Zu Beginn des Wintersemesters 2012/13 konzipierten Vertreter der Staatskanzlei NRW in Diskussion mit den SeminarteilnehmerInnen sechs Themenbereiche, in denen die Staatskanzlei Beratung zu China haben wollten:

  1. Chinas internationale Rolle und die Konsequenzen für die Europäische Union und China;
  2. Was trägt dazu bei, dass NRW ein zentraler Ansprechpartner für China in Deutschland wird?;
  3. Die Attraktivität Nordrhein-Westfalens für chinesische Unternehmen – Status Quo und Empfehlungen;
  4. Attraktivität des Hochschulraums NRW;
  5. Potentiale und Organisation der Partnerschaften auf Landes-, Städte- und Bürgerebene; und
  6. Politisches Management von sensiblen Themen im Deutsch-Chinesischen Kontext.

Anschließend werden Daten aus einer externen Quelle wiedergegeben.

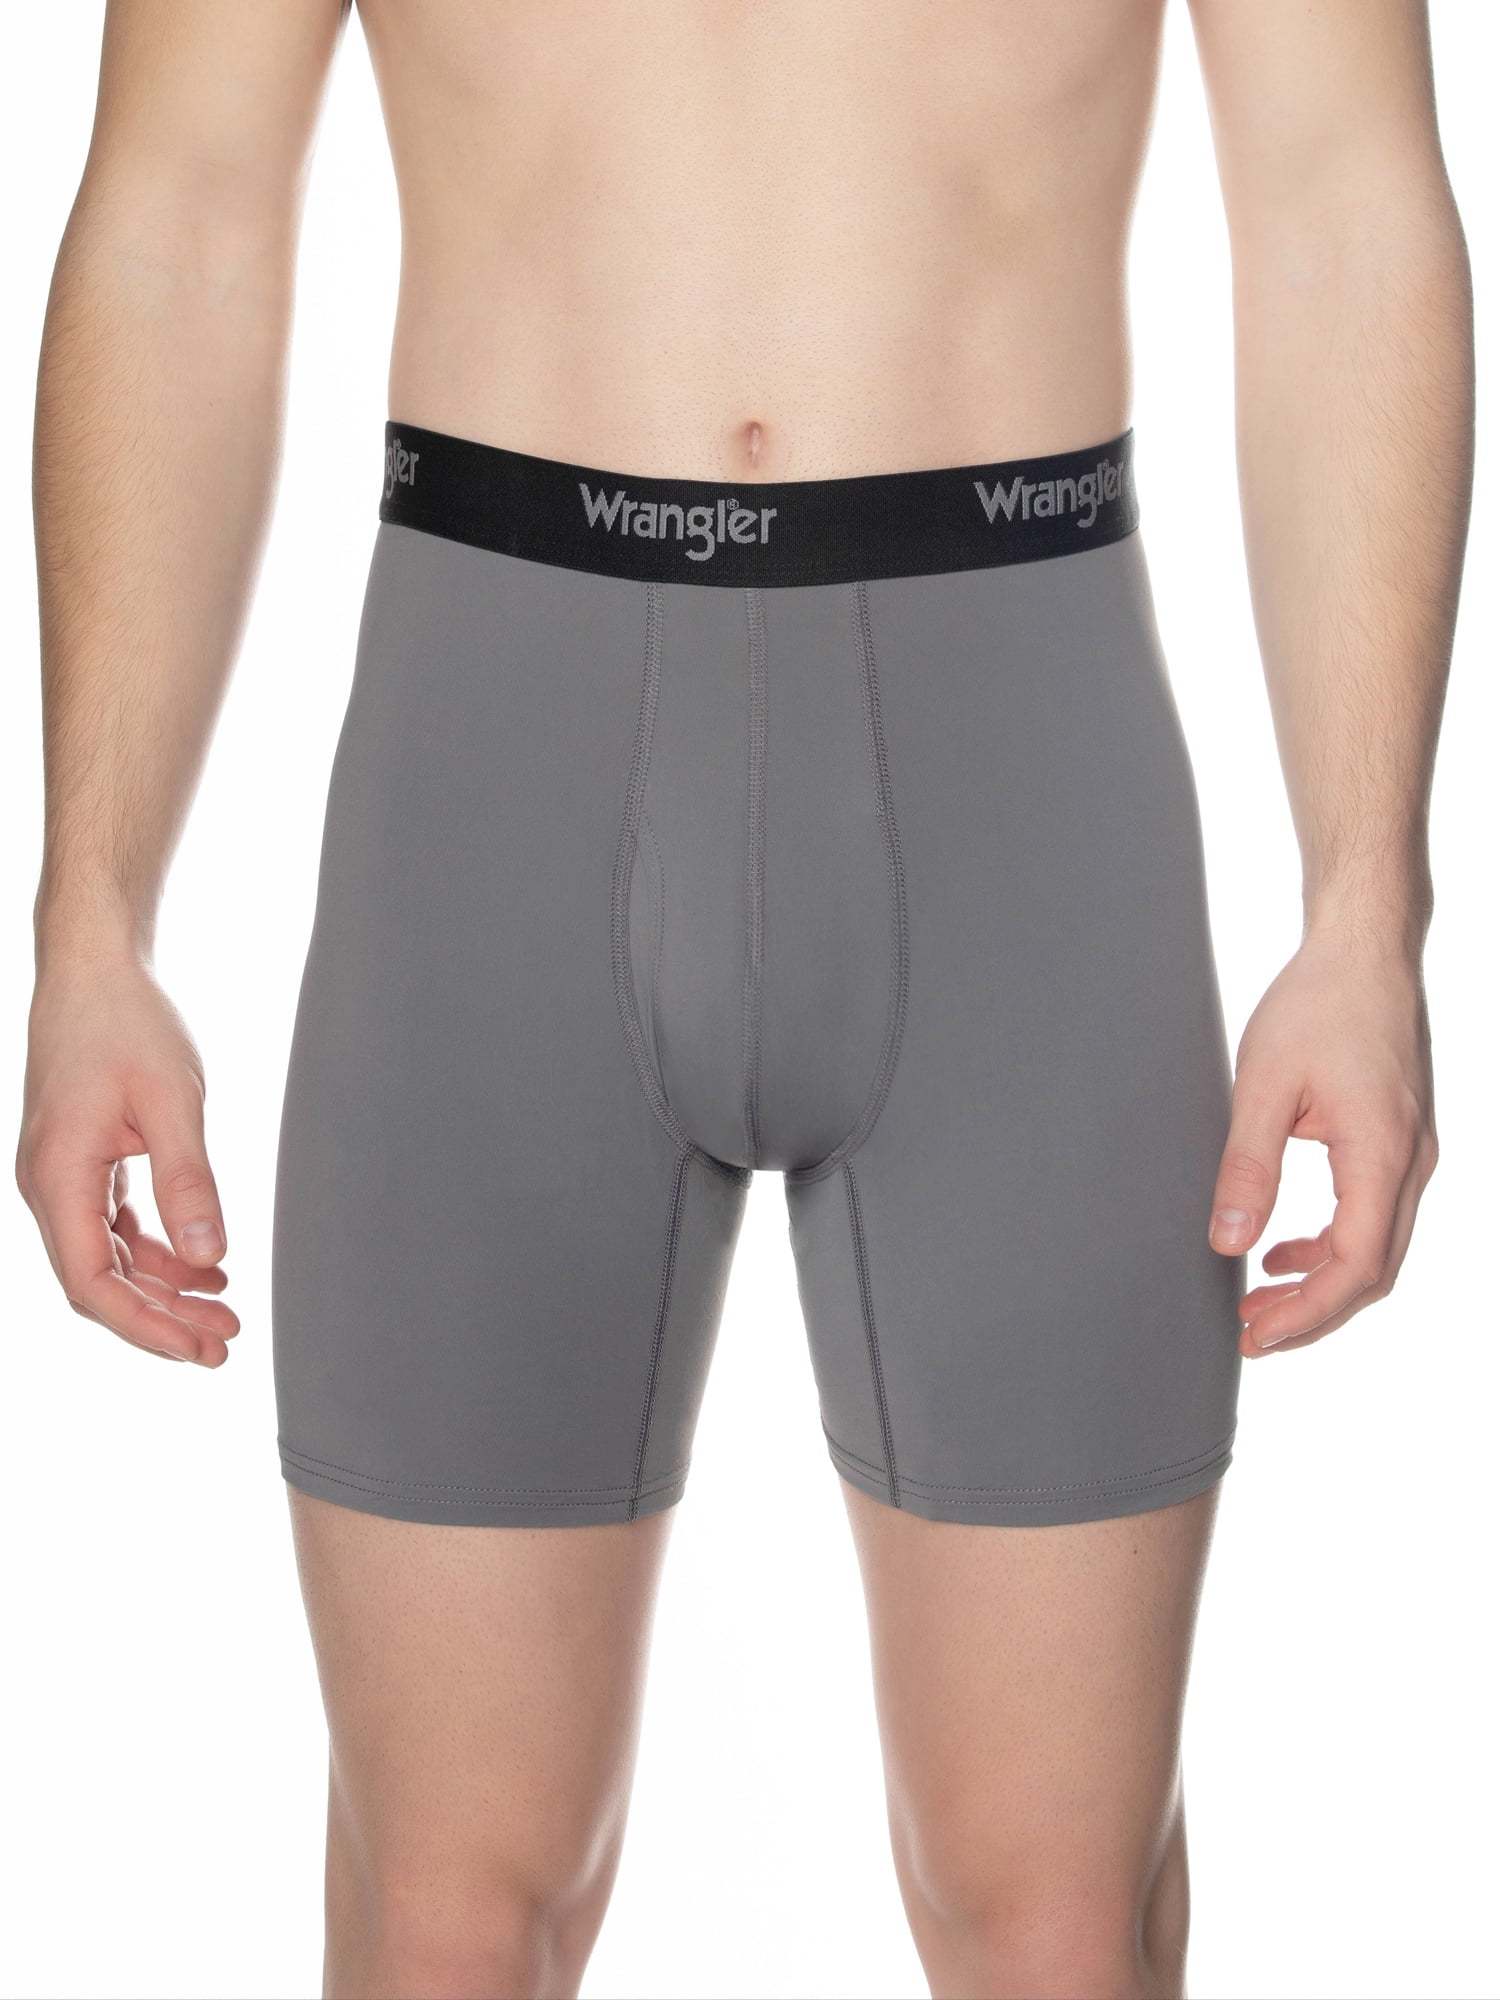 Wrangler Men's Cooling Stretch Nylon Boxer Briefs, 3 Pack

Unter Anleitung der Ostasienwissenschaftler Prof. Dr. Thomas Heberer und Dr. Anja Senz (Geschäftsführerin des Konfuzius-Instituts Metropole Ruhr an der Universität Duisburg-Essen) hatten die Studierenden u.a. die Frage bearbeitet, wie die Sichtbarkeit NRWs in China erhöht werden könnte, die Attraktivität des Bundeslandes für chinesische Unternehmen gesteigert, die Integration chinesischer Studierender erleichtert und wie die bestehenden Partnerschaften auf kommunaler und Landesebene mit China vertieft werden könnten. In sechs Arbeitsgruppen beschäftigten sich die Studierenden im Verlauf des Semesters mit den einzelnen Themenbereichen, führten Expertenbefragungen durch, sondierten die Literatur in westlichen Sprachen sowie in Chinesisch und erarbeiteten zu jedem Thema ein zehnminütige Präsentation für die abschließende Veranstaltung und Diskussion in der Staatskanzlei in Düsseldorf aus.

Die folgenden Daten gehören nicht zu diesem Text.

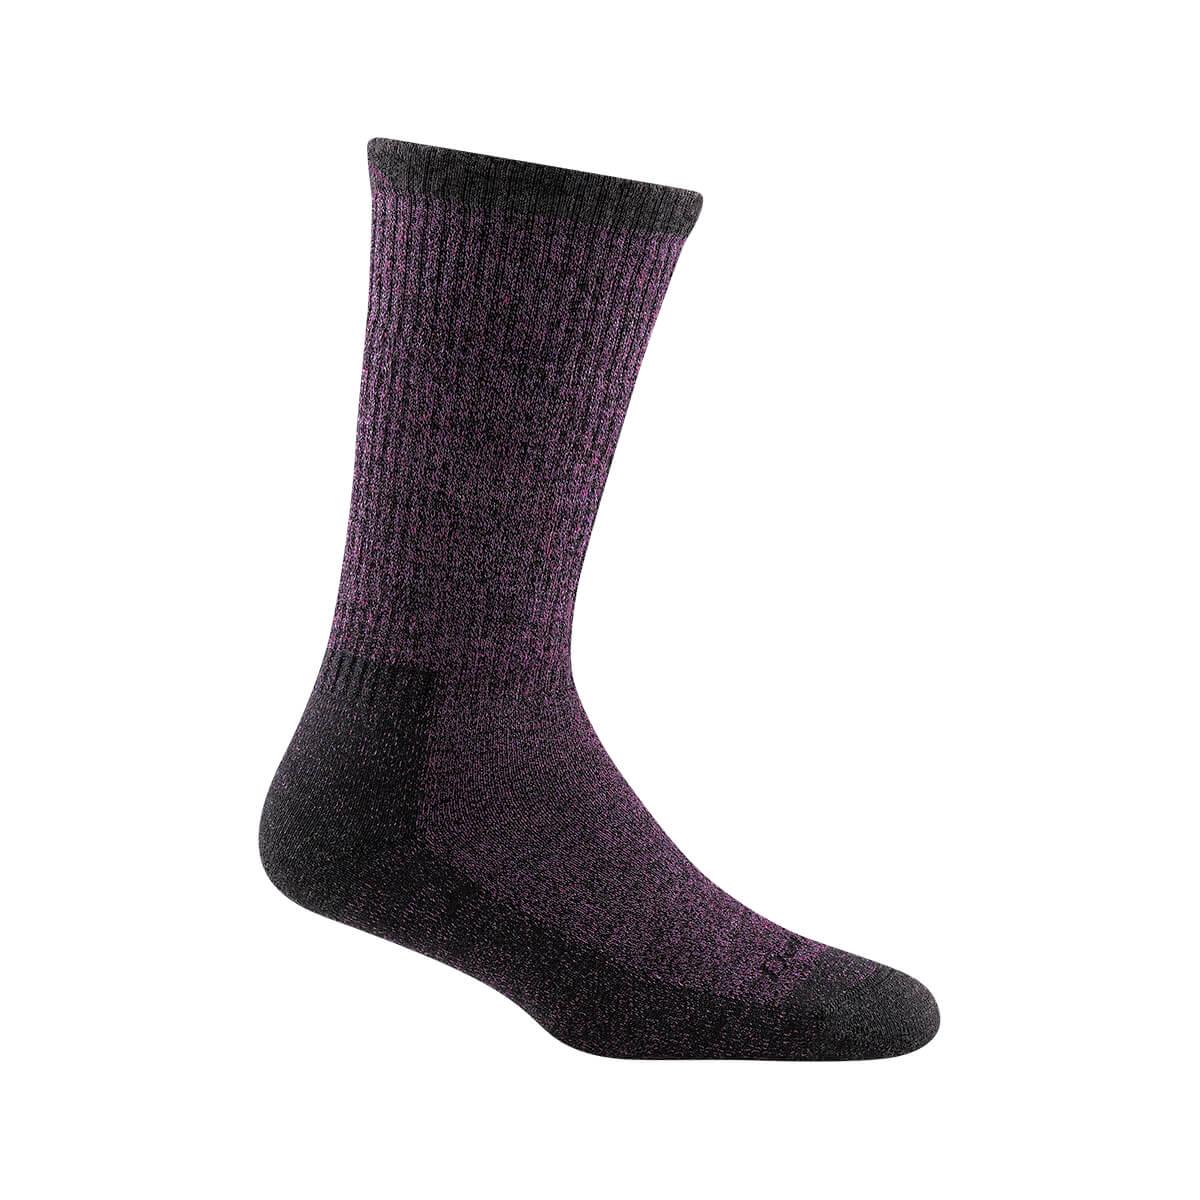  Women's Nomad Boot Sock Full Cushion Socks

Die einstündige Präsentation stieß bei den Anwesenden auf positive Resonanz und lieferte, so die Ministerin Dr. Schwall-Düren, neben einer fundierten Analyse zu einzelnen Themenfeldern auch viele neue und kreative Ansatzpunkte für die weitere Gestaltung der Zusammenarbeit mit chinesischen Partnern. An der Präsentation nahmen u.a. VertreterInnen von Ministerien, Verbänden, des Landtags und der Staatskanzlei teil. Auf Grund der Diskussionsergebnisse erarbeiteten die Studierenden dann schriftliche Fassungen, die dem Kooperationspartner und weiteren interessierten Einrichtungen in gedruckter Form zur Verfügung gestellt wurden. Auf diese Weise sollen die Studierenden Politikberatung einüben. Sie sollen lernen, ein komplexes Thema problem- und lösungsorientiert zu erarbeiten, kurz und bündig einer außeruniversitären Öffentlichkeit vorzutragen und schließlich in eine schriftliche Fassung zu bringen. Solche Seminare sind erheblich arbeitsintensiver als herkömmliche Seminare, bieten zugleich aber einen hohen Praxisbezug.